Thursday 10 October 2019

Learning to Have Lost by Oz Hardwick


Oz Hardwick’s collection of prose poems Learning to have lost  the passing of time, memory, old age, illness, death and how these resonate and move within and around each other . True to form, Hardwick achieves a sense of a musical refrain and rhythm underpinning and connecting this absorbing collection. While the subject matter is weighty and the pain from the litany of loss candidly expressed, a resolute humour asserts itself throughout that is sometimes sinister, sometimes surreal, often surprising and enormously engaging.
Goodreads description

I was fortunate to hear Oz Hardwick read from this collection and from his most recent book The Lithium Codex at the Poetry Cafe Refreshed in Cheltenham.
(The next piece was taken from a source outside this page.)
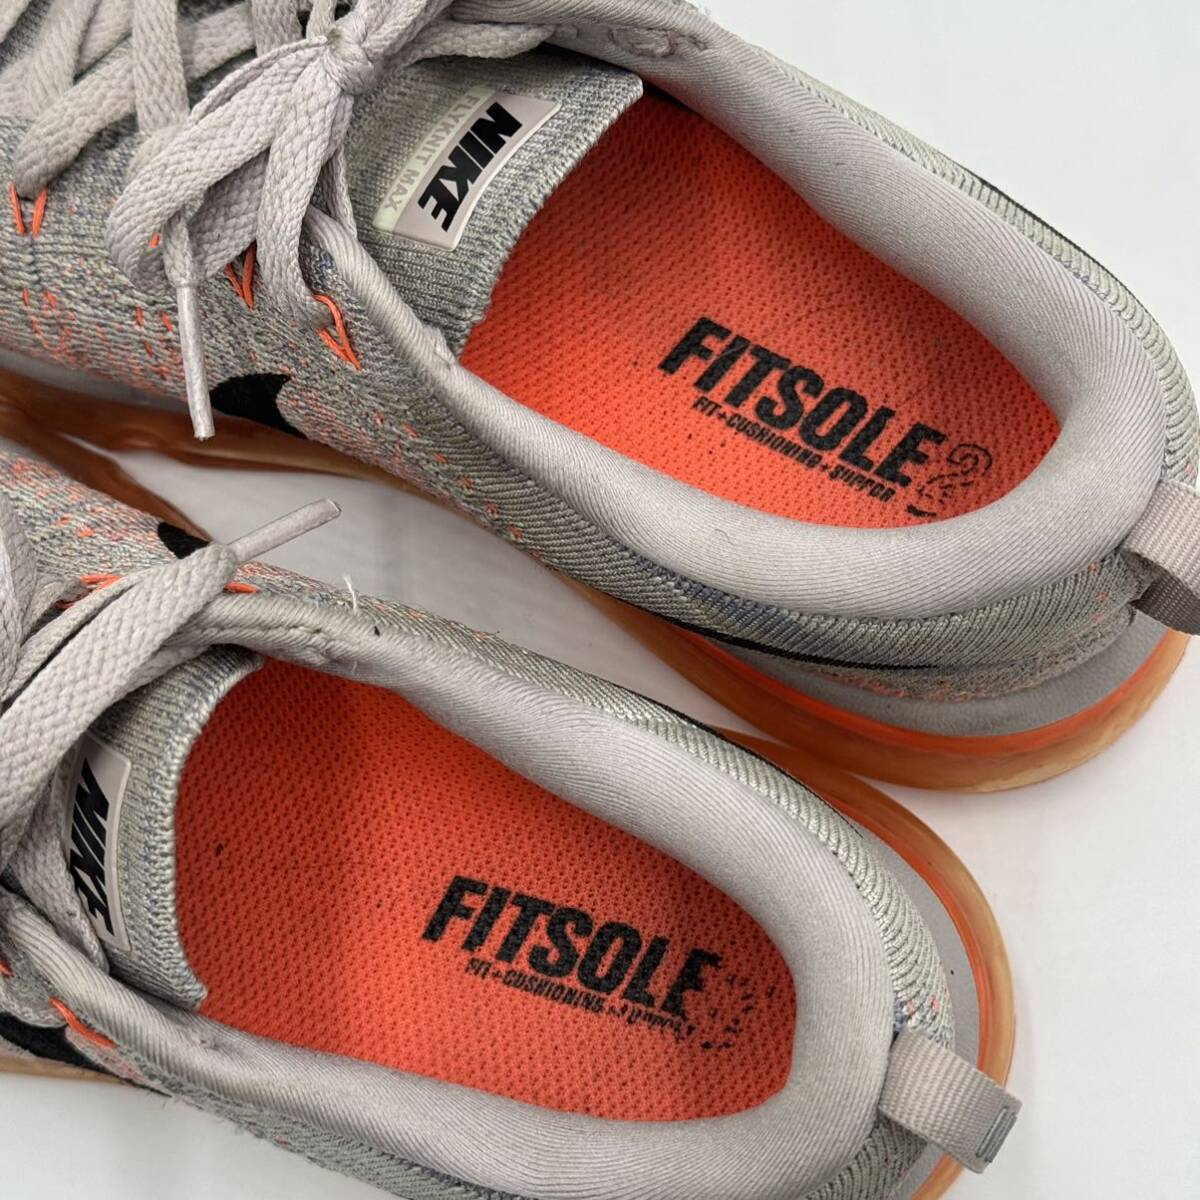 D* надеть обувь ощущение выдающийся!!\'15 год производства \' NIKE Nike WMNS FLYKNIT MAX fly вязаный Max 620659-508 спортивные туфли size:24.0cm женская обувь 
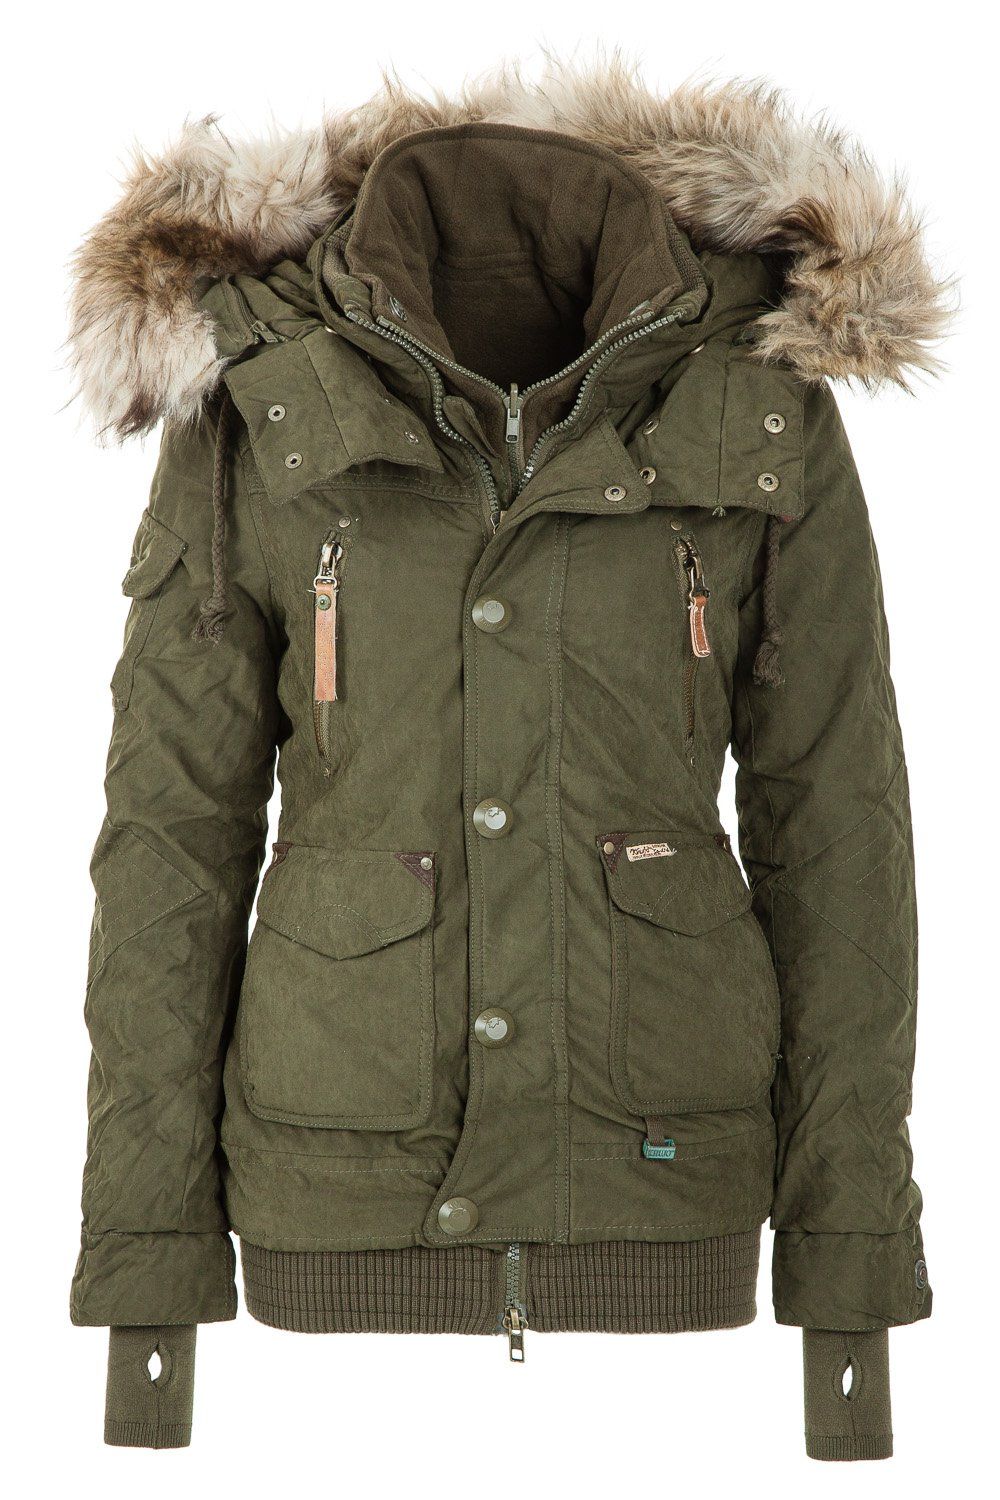 Khujo Women\'s Winter Jacket Margret Olive 320 http://www.

Both are collections of prose poems - put simply poems without line breaks, or prose with the rhythm and sensibilities of poetry. But that definition does not do prose poetry justice, it combines elements of both prose and poetry, existing in some sort of liminal space, not unlike magic realism. Maybe that is why I found so much magic realism in these poems. 

In Graduation a man opens his old school bag and sees that the books had all grown back into trees, with damp grass all around, and there were birds, like notes on telegraph wires, singing a song he'd written in an abandoned bandstand. The Universal Petting Zoo opens with the words Every time she returns from feeding the animals, she is smallerI could go on quoting sublime bits from every poem, where reality shifts as you read and suddenly you are somewhere else, somewhere no less true. I love the way Oz Hardwick's poems riff. It isn't a surprise that  Hardwick is also a musician. Nor was I surprised to hear that Hardwick is influenced by Richard Brautigan ( I reviewed Brautigan's Sombrero Fallout in this blog here). 

I love this slim book of poetry. Do buy a copy, but guard it. I lent my copy to my husband and had to fight to get it back!